We made the bid for Watkins on Monday .
Villa seem to prefer to sell Duran but a couple of decent judges suggest Arsenal fancy their chances of signing Watkins . This usually means Villa haven’t sent them packing . It would be odd to reach the Champions League top 8 , and then sell two of the best strikers in the league and then replace them with Joao Felix . Watching them tonight Rogers looks superb playing just behind a main striker but it’s a huge gamble to dismantle your ( very good) attack halfway through the season . I can’t see this deal will be allowed to happen. But it does show we are being active in trying to recruit a top striker
TTG@34: I’m sure Villa would prefer to take the rich pickings for Duran on offer from Al-Nassr and keep Watkins. However, the scuttlebutt is that Al-Nassr has a done deal waiting to be inked with Bayer Leverkusen’s Victor Boniface. As the Saudi window closes on Jan 31, Villa and Duran have to come to the table quickly, or their offer disappears. If Duran stays at Villa Park, I suspect our chances with Watkins rise, but they fall to zero if he doesn’t.
Ned,
True enough, although there is a case to be made that Villa are better off taking the money for a 29 year old Watkins now rather than the much younger Duran. Watkins value will fall off a cliff I would have thought compared to what Villa can extort from us now. Al-Nassr’s money will still be there in the summer.
OM@36: That is a fair point about Watkins’s value/age, but I think if Al-Nassr signs Boniface, the money isn’t there in the summer for Duran. I also don’t think that Emery is 100% sold on Duran. I don’t get the feeling that he would move hell and high water to keep him.
I don’t have any insider knowledge of the club, but this window feels a bit like last summer’s window. Apparently we went all in on Sesko last summer and when he signed a new contract Leipzig late in the window, we ended up panic-loaning Sterling. If you believe the rumors for January, we did the same thing and we are trying to panic buy. My guess is we will see Sanogo back in an Arsenal kit on Monday.

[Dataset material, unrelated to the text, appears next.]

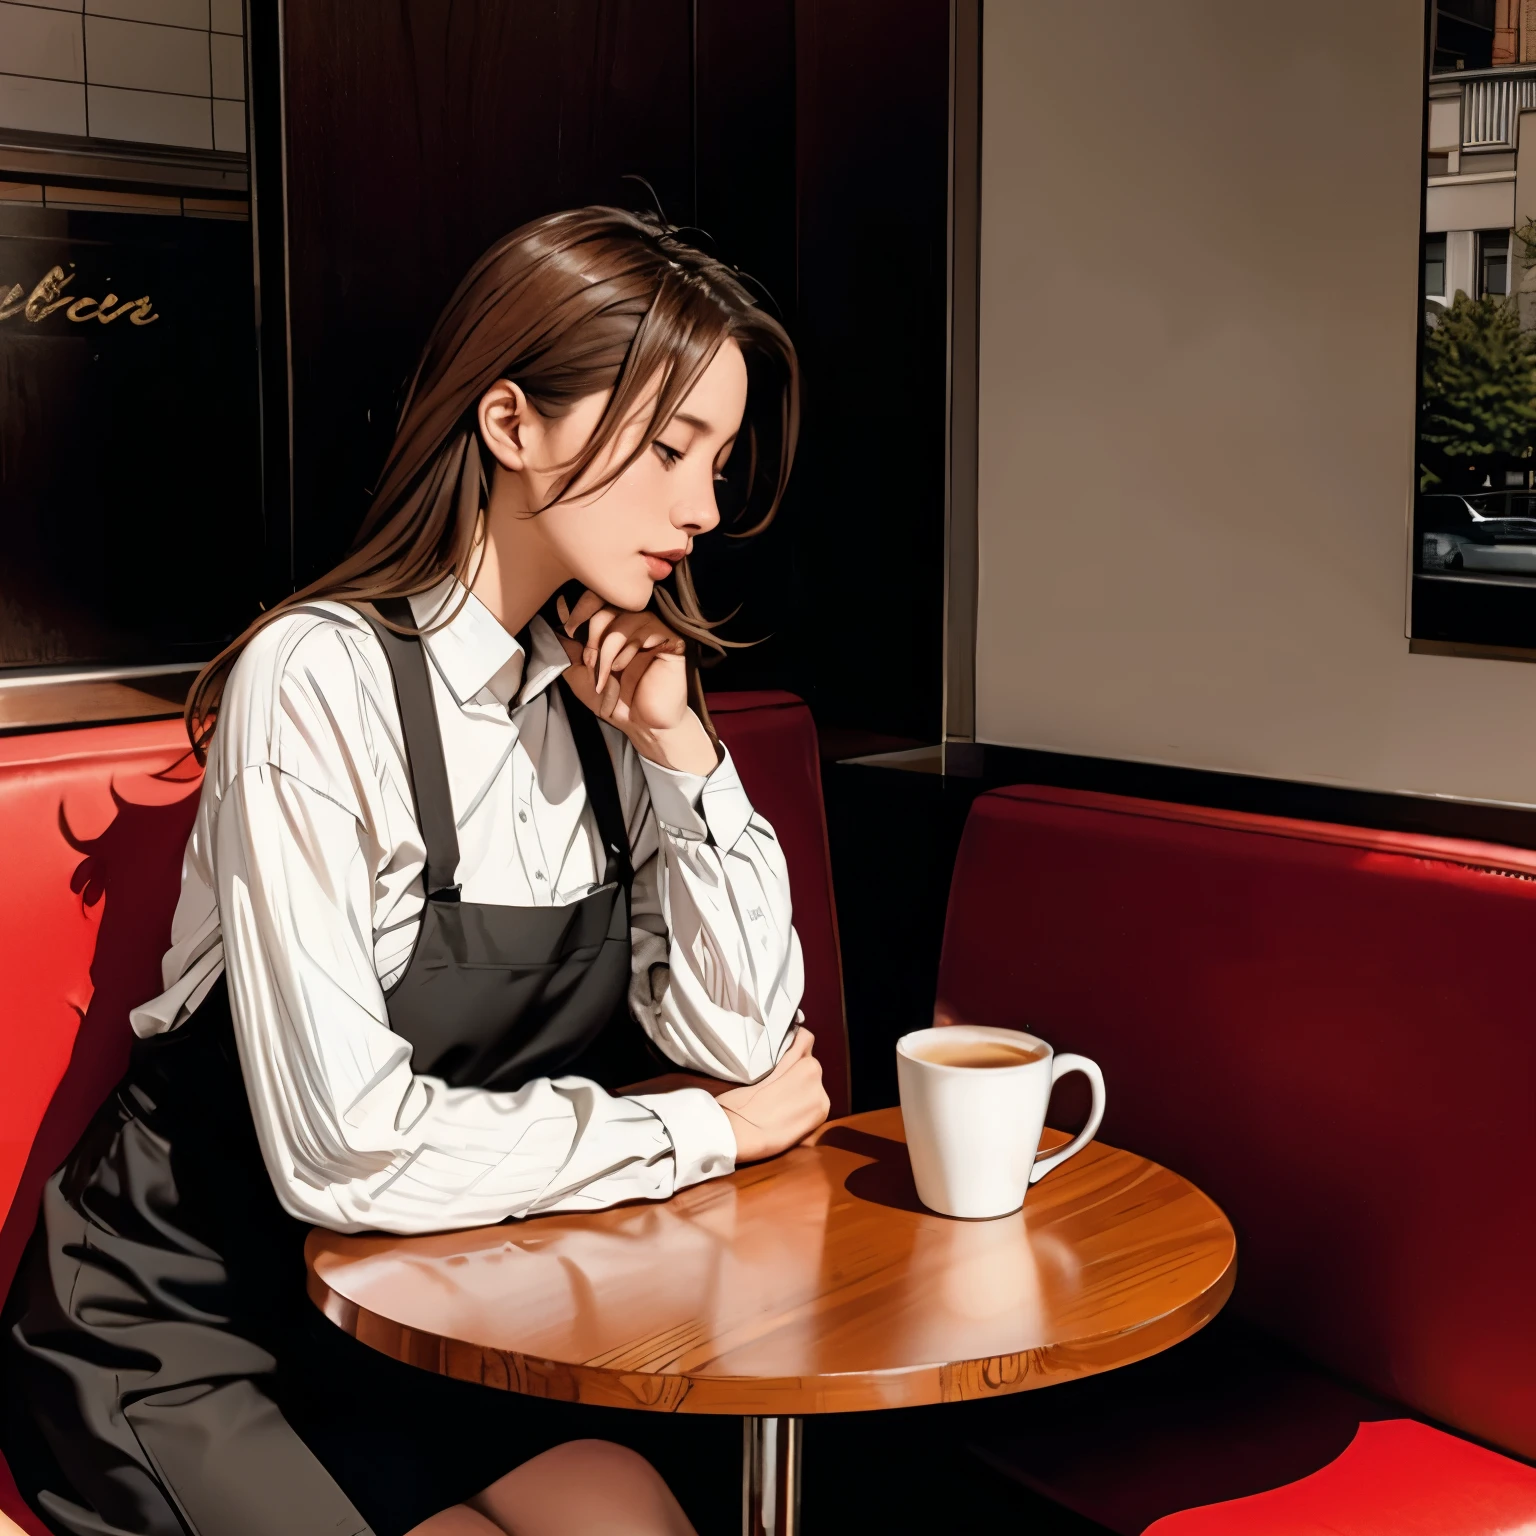 坐在咖啡桌边喝咖啡的德国女人、艾玛&#39;的照片。窗户阳光, 蓝头发, 动态姿势, 肌理, 皮肤苍白, 有光泽的皮肤, (苗条的, 小的:1.2), [:(面部重点对焦, 细致的脸部, 完美的眼睛, 查看器:1.2):0.2], 实际的, 胶片颗粒, 最好的质量, 杰作

@37 I hope I’m right Ned 😄 but I suspect you are correct that UE doesn’t particularly mind about Duran leaving
@38 😂😂 surely not while Christian Benteke is still available
ecg@38: Don’t laugh. Sanogo is only 32 and has just been released by Qingdao Red Lions, so he is available.
OM – Benteke is happily plying his trade in the MLS with DC United and in the 2024 season led the league in scoring with 23 goals in 30 matches. On the other hand, the highest transfer fee in the MLS history is $16mil, so maybe if we all pitch in…
Ned – Sadly, I’m not laughing…
@41 oh! I stand corrected on Benteke! In a way it’s nice that he is successful now after several grim seasons in the PL. Good too that Sanogo made a career somehow after his various difficulties though I am not sure where you go after being released by Qingdao Red Lions.
No idea if any of the teams that just went out of the CL have a decent striker but I suppose they would be easier to get than the likes of Watkins, Mbeumo, Isak etc.